Task objective:
Repeat each line of the material below exactly as it appears, minus any pictures.

Dataset section:
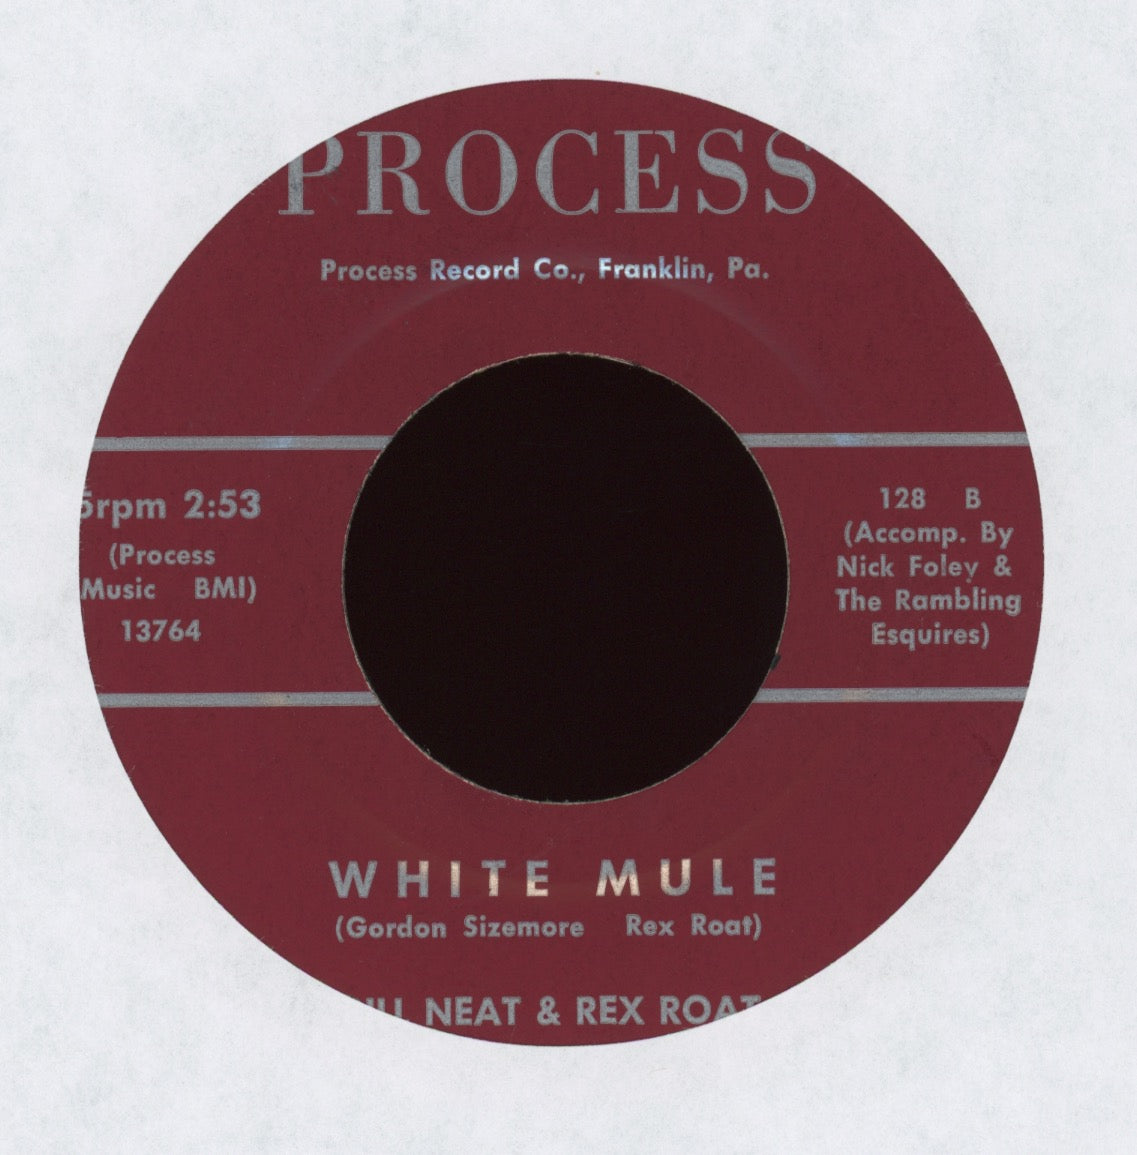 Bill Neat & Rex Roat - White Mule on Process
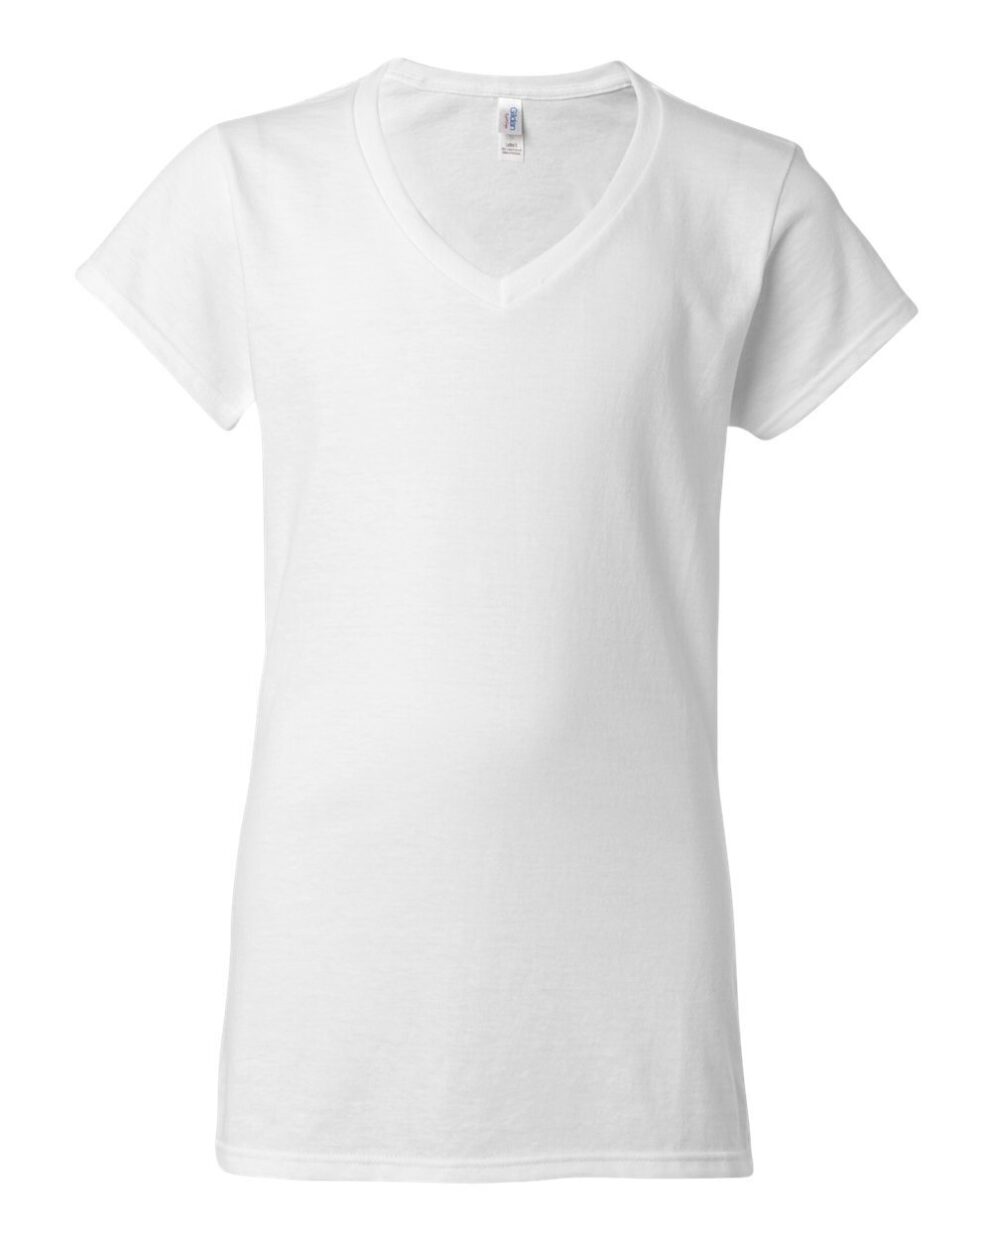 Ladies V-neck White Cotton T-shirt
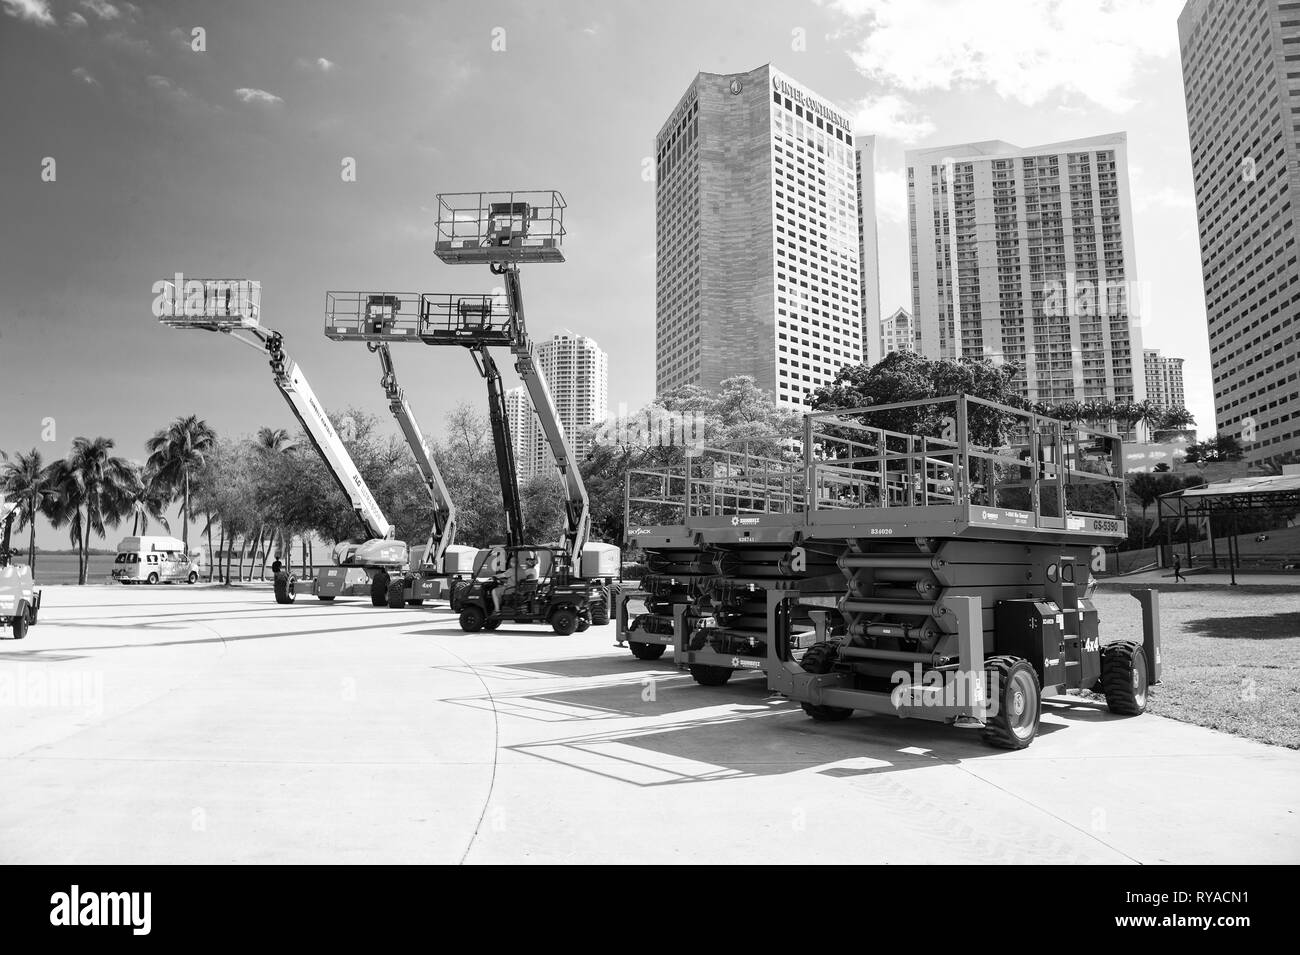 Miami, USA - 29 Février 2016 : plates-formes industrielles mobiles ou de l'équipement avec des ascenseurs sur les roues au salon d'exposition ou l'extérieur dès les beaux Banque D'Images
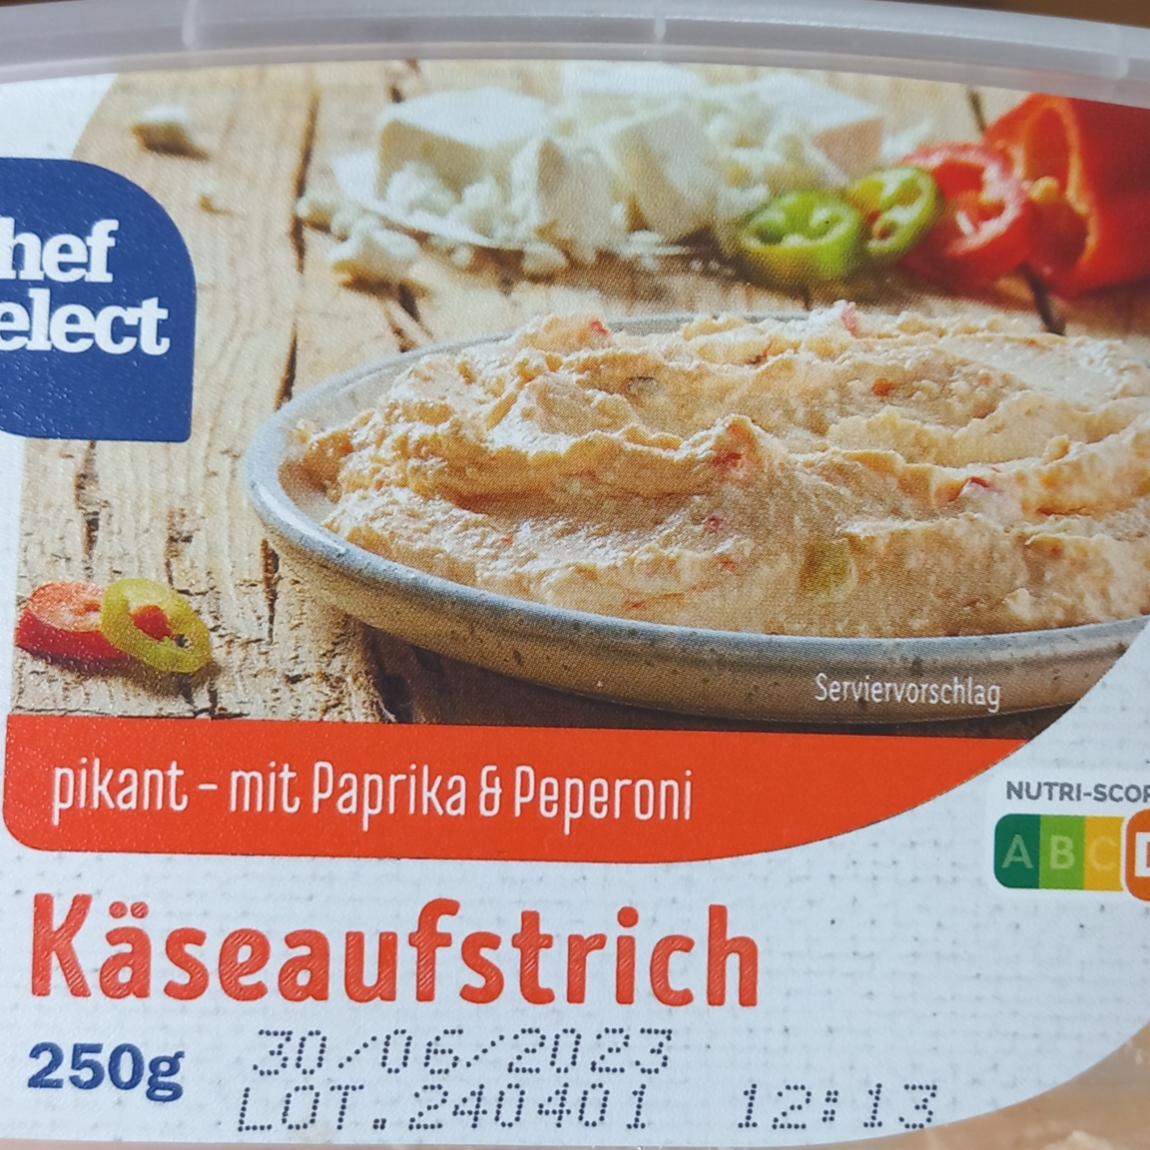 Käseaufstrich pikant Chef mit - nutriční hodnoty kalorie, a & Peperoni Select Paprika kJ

Reply to the task:
 Bill Neat & Rex Roat - White Mule on Process
 Ladies V-neck White Cotton T-shirt
 Miami, USA - 29 Février 2016 : plates-formes industrielles mobiles ou de l'équipement avec des ascenseurs sur les roues au salon d'exposition ou l'extérieur dès les beaux Banque D'Images
 Käseaufstrich pikant Chef mit - nutriční hodnoty kalorie, a & Peperoni Select Paprika kJ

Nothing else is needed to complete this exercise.